OSG 3.5.8 + 3.4.42
Next week at the earliest
Other
Working with WLCG IAM folks to request WLCG tokens for testing HTCondor-CE and job submission via Harvester
Tickets:
- currently none
- since last meeting: 4 tickets, all closed/solved now, caused by short network issues at UM
Operation:
- switch problems at UM
after adding a new switch to upgrade T3-T2 link from 40Gpgs to 100Gpbs
caused some spanning tree and management interface access issues
current status: seems solved after second firwmare update
- currently evolving issue with 1 of 2 Liebert units at UM.
Currently operating at reduced but sufficient capacity.
Repair will need either 8h partial downtime or wait for 3rd planned unit to become online.
- as usual misc memory and disk issues for hardware under warranty or self-supported
New hardware:
- last of the new R740XD2 dcache server almost online
still fighting with MSU IT automated SSL certificate issuance to get an IGTF-signed cert.
- will allow to retire the 4x oldest MSU dcache servers
and free up one MD3260 for spares on self-supported medium-old storage
Apologies if nobody is present. Judith is OOTO and I am working on network equipment to bring up new purchases.
-David
GGUS Ticket #144542: Stage-in issues. Getting little from CERN regarding help debugging. Last update Judith removed the secondary lsm mover from the production queue, which was requested.
UC:
IU
UIUC
Relatively smooth operations over the break, although some of our C6100 workers are starting to die for various hardware reasons. We'll be investigating.

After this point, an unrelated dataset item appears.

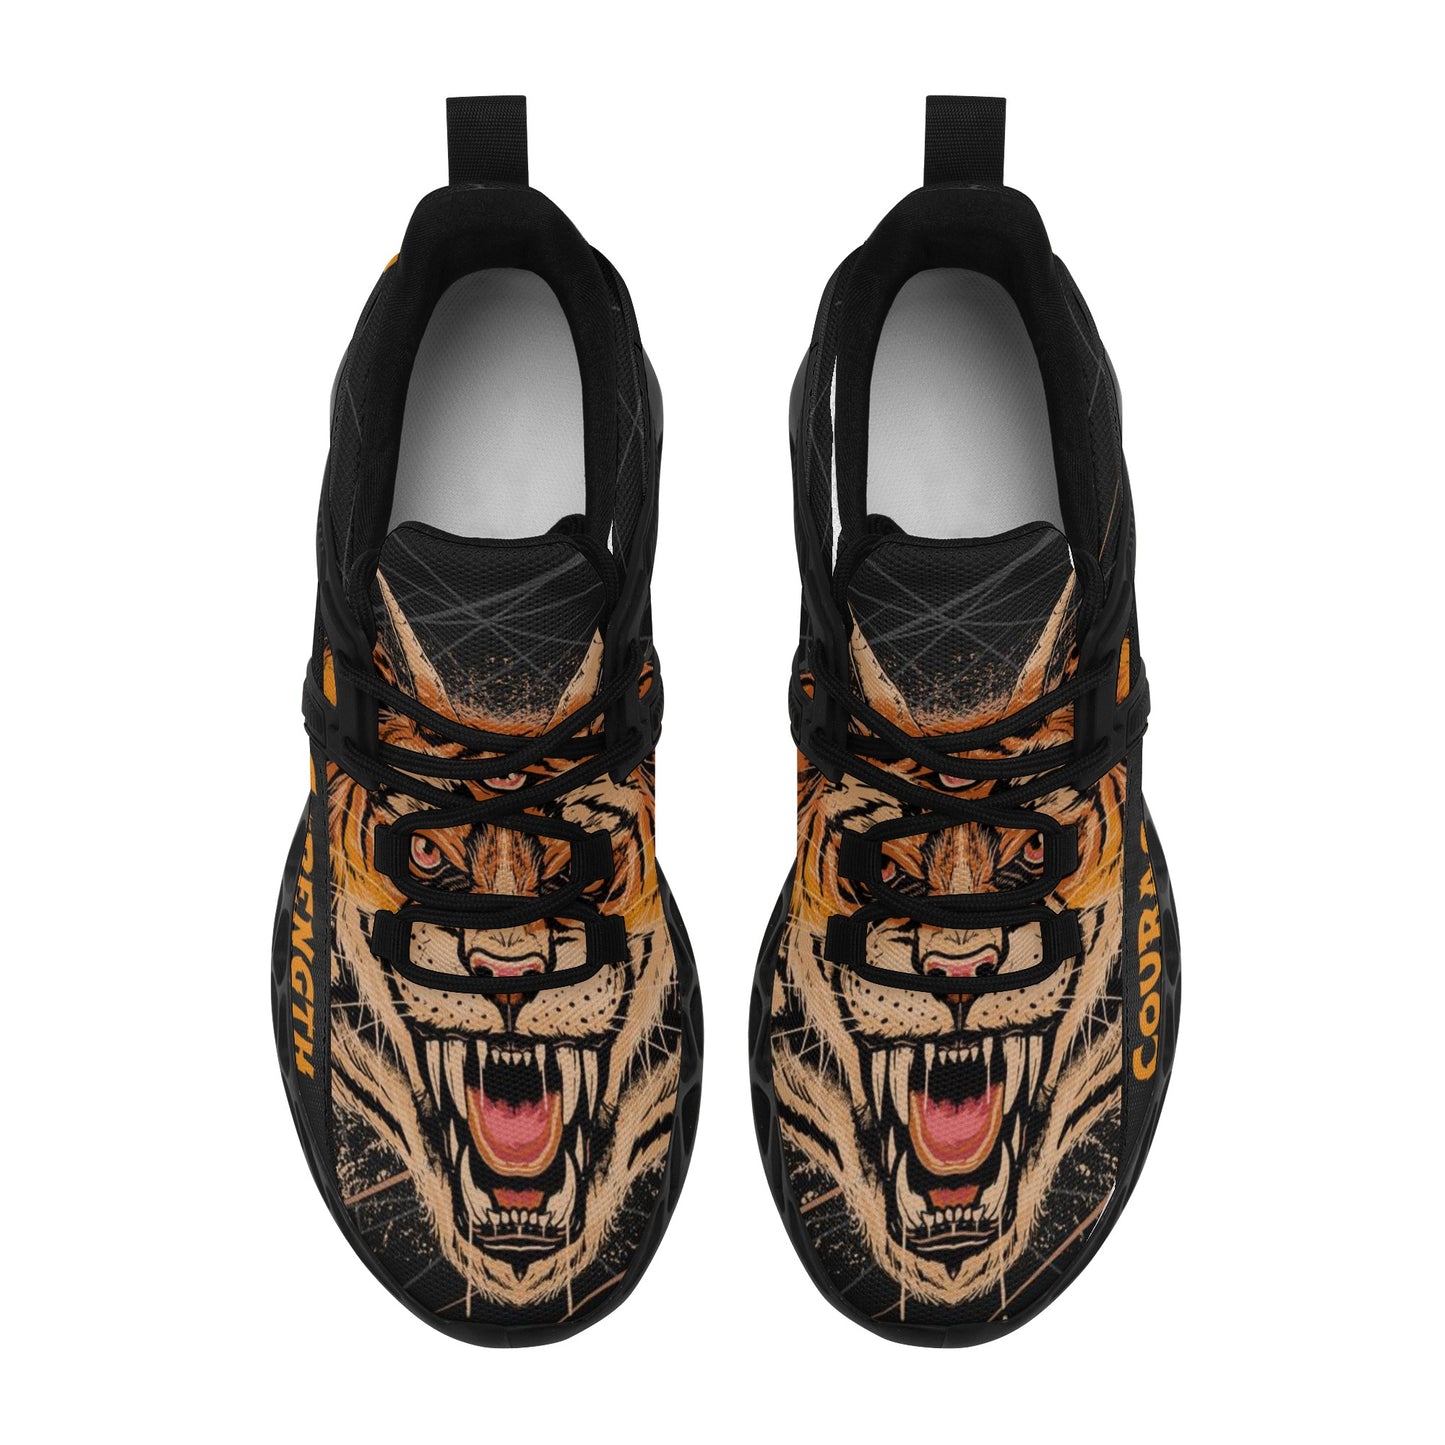 Eye Of The Tiger | Men's New Elastic Sport Sneakers - Comfortable, Breathable, and Stylish - AGTC

Low level DDM issue resolved my migrating away from "Let's Encrypt" host certs for NET2 and NESE gridftp endpoints.
NESE DDM started over the break with containers running on NESE gateways. (NESE_DATADISK). Performance looks good so far. Adding gridftp endpoints and operations infrastructure.
NET2 storage for DELL has arrived. On of the r740xd2's will be grabbed for a SLATE node. We'll be in touch with the SLATE team as soon as that's up and running. Need to expand UPS to three new racks for this. Management switches still haven't yet arrived, but everything else is at Holyoke.
Still need to make a plan for ipv6. We see that about 50% of DDM sites have ipv6 addresses now.
in the last 30 days at NERSC produced 25.5 Million events. 8.5 M NERSC hours
Very bursty usage. About once per week get up to > 2k nodes (almost 300K cores) for a short time. Currently running running with a modified pilot (will want to switch over to the new pilot in next allocation cycle).
The 2019 ERCAP allocation ends Jan 14, 2020 7:00 PST. We will have some hours left over. Cori downtime will be Jan 14, 07:00 PST to Jan 15, 2020 07:00 PST. After this downtime python 2 will not be supported.
20-Dec-2019, Lincoln, Marc and DB worked together at Univ of Chicago to produce a Docker container to run Harvester on the edge. This will be useful for the OLCF-Slate instance.